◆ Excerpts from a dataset
------
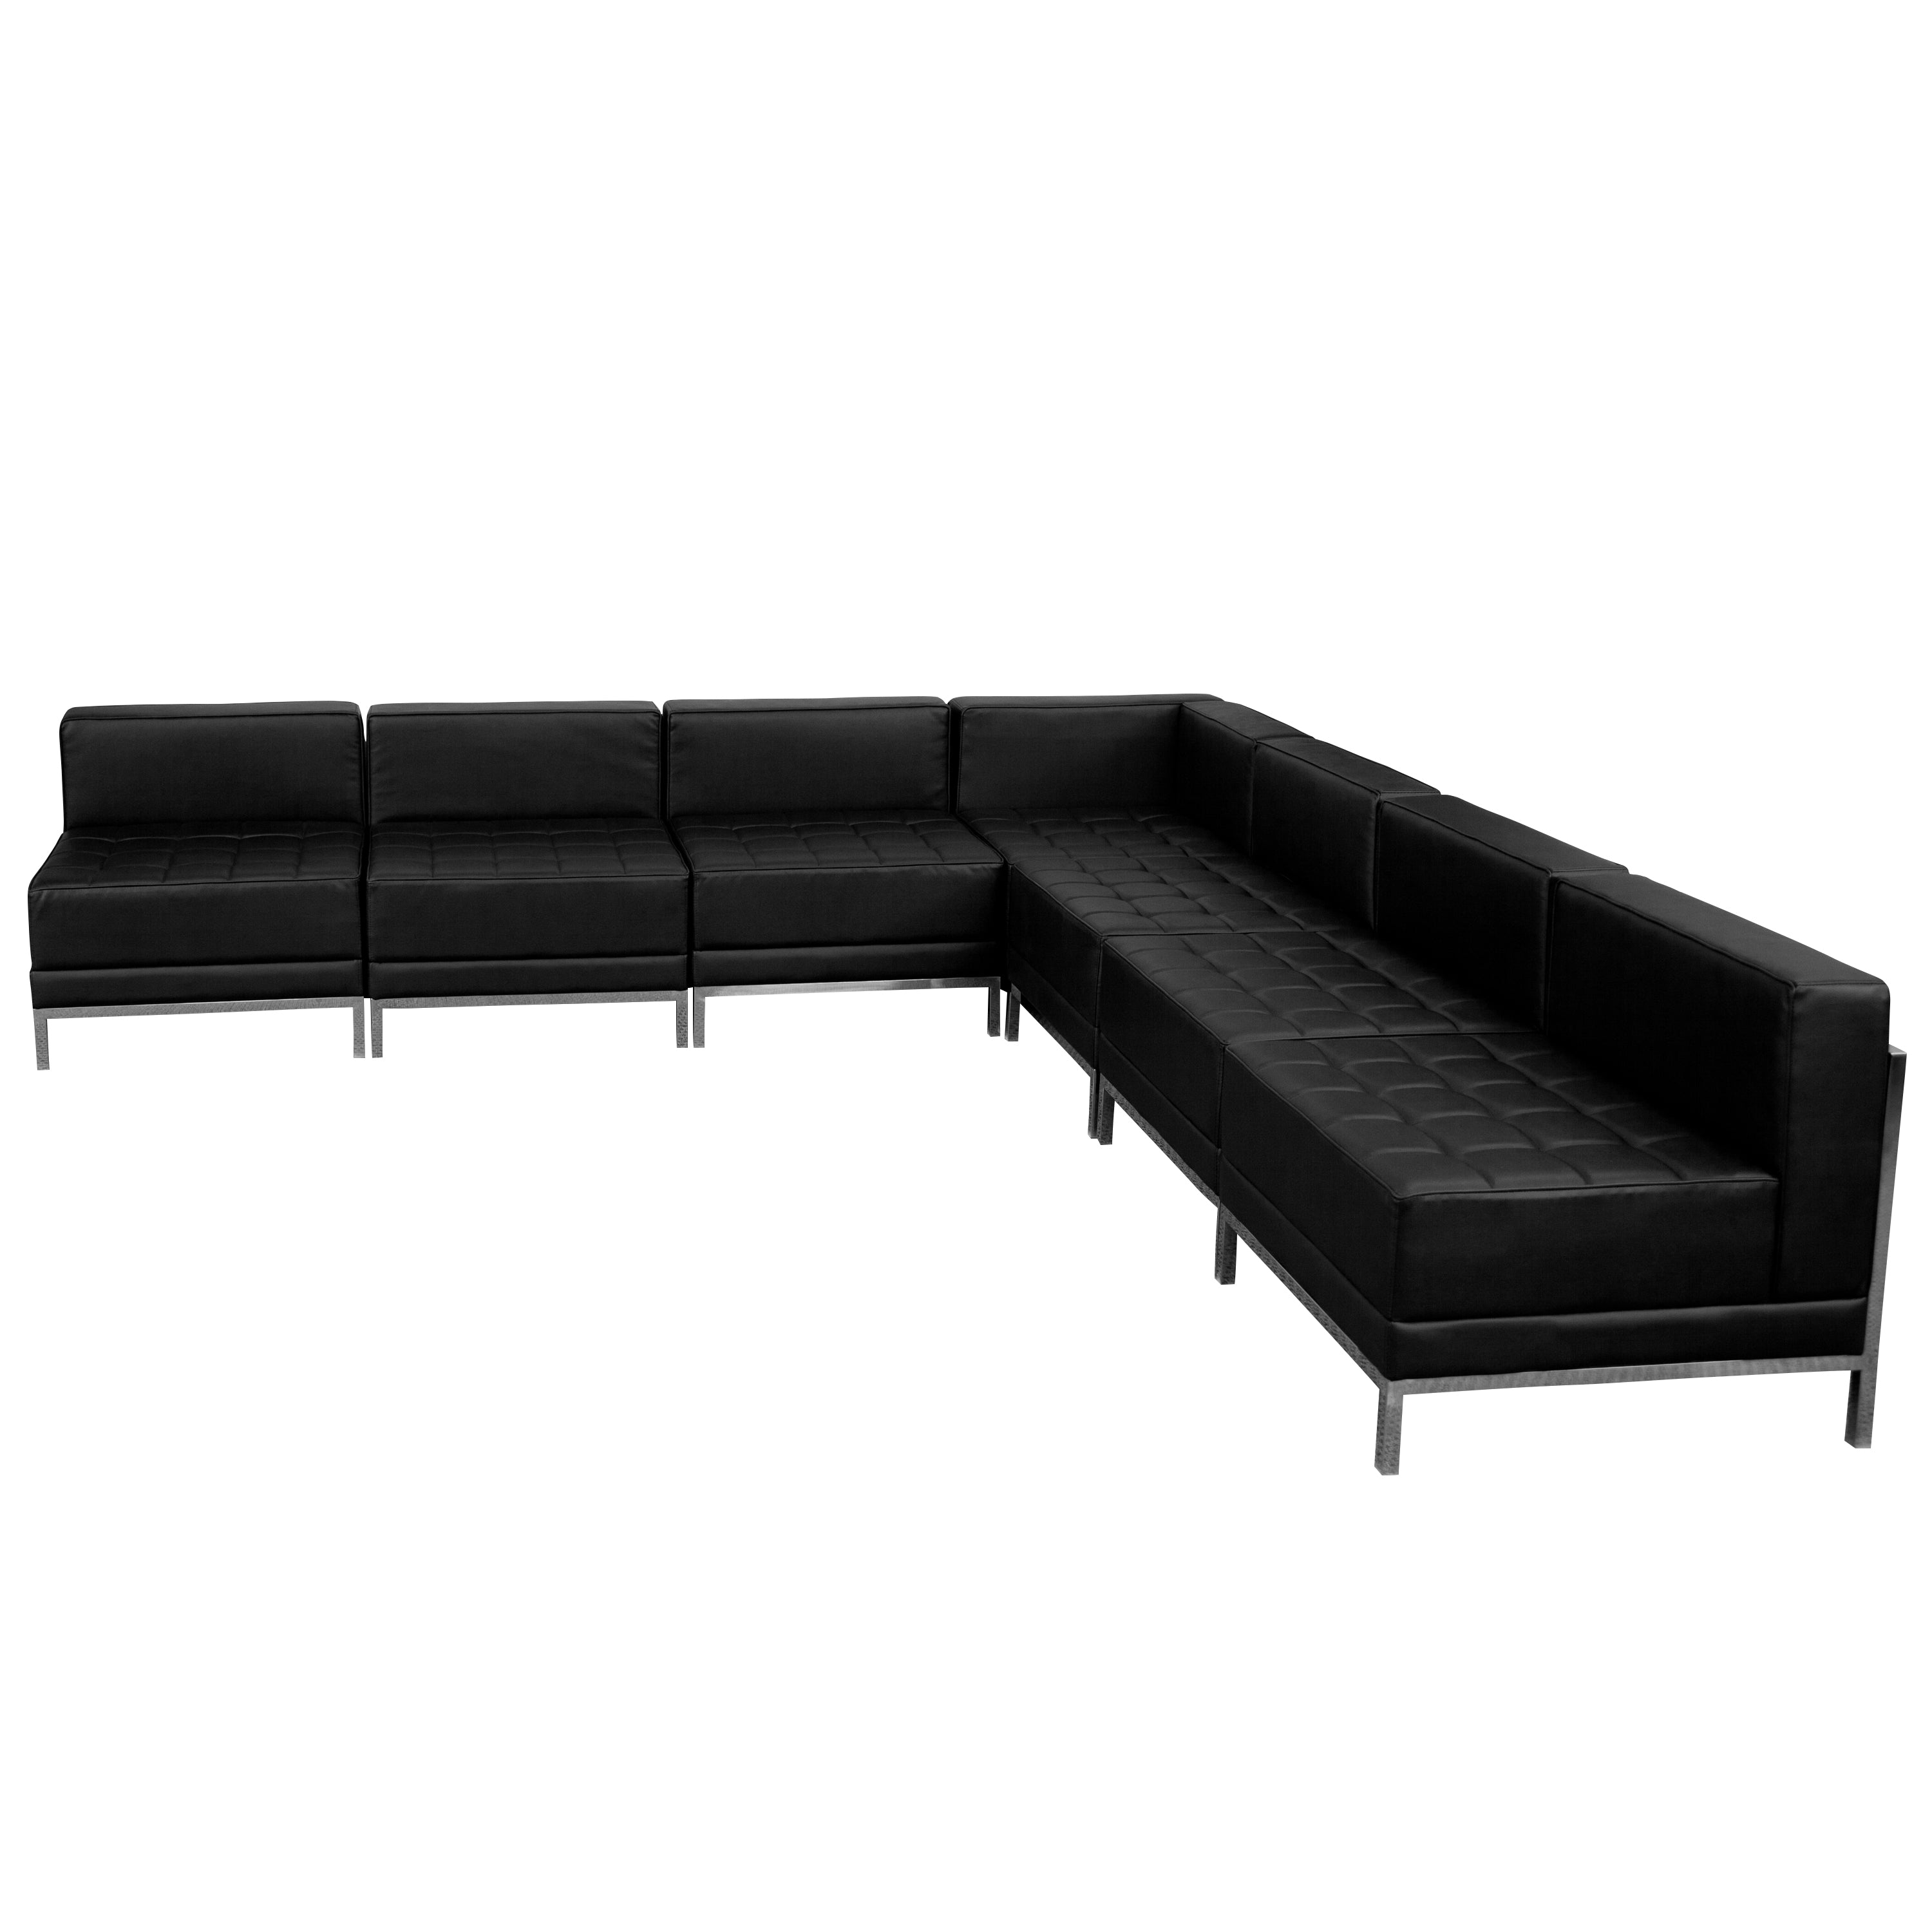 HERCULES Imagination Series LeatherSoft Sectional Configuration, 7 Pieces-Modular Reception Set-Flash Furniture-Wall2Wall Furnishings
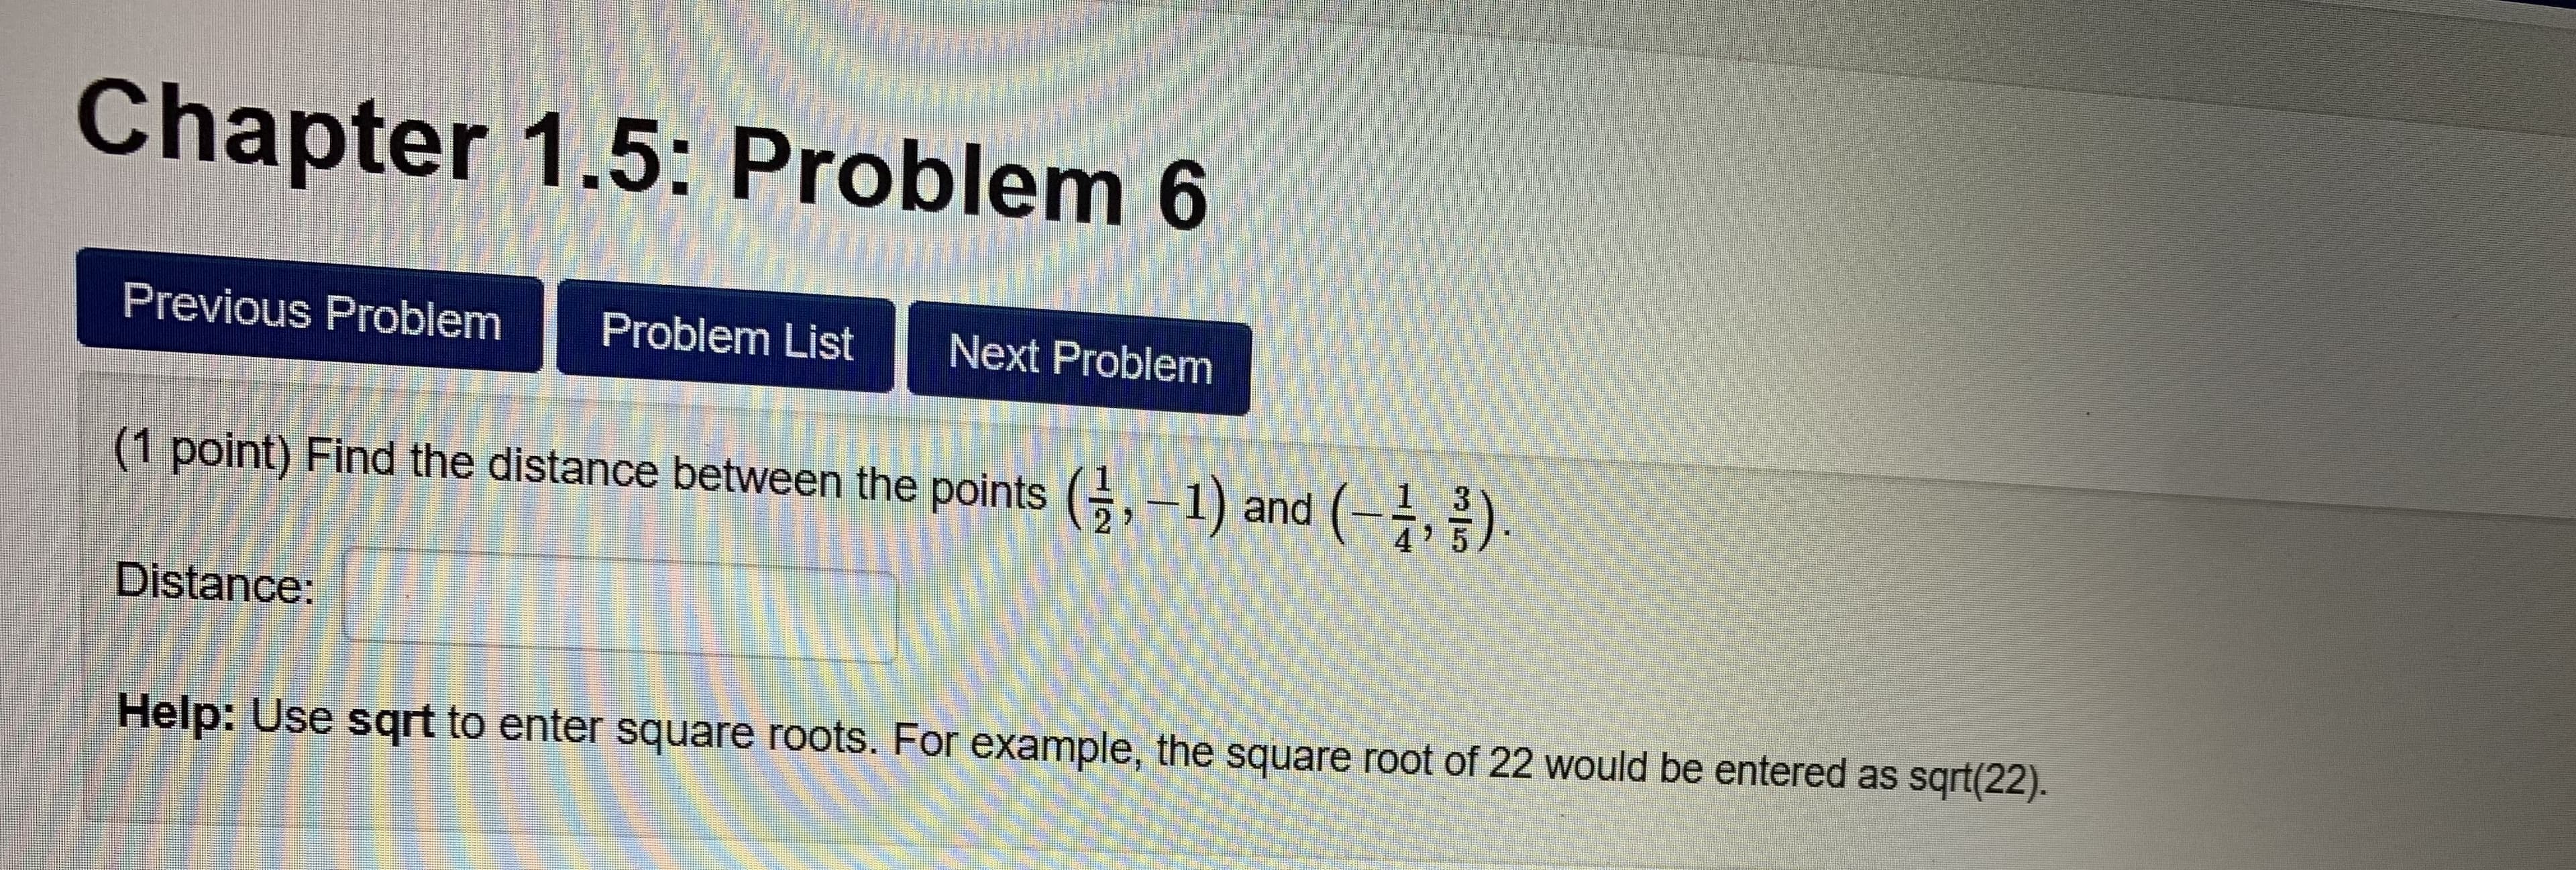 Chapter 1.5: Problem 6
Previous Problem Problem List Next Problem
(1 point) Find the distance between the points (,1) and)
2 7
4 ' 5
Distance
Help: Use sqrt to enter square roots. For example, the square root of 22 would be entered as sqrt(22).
------
◆ Problem to solve
Reproduce the lines from the one with "Chapter 1.5: Problem 6" through the end of the data, keeping both end lines, adding nothing, and dropping any pictures.

◆ Finished task
 Chapter 1.5: Problem 6
Previous Problem Problem List Next Problem
(1 point) Find the distance between the points (,1) and)
2 7
4 ' 5
Distance
Help: Use sqrt to enter square roots. For example, the square root of 22 would be entered as sqrt(22).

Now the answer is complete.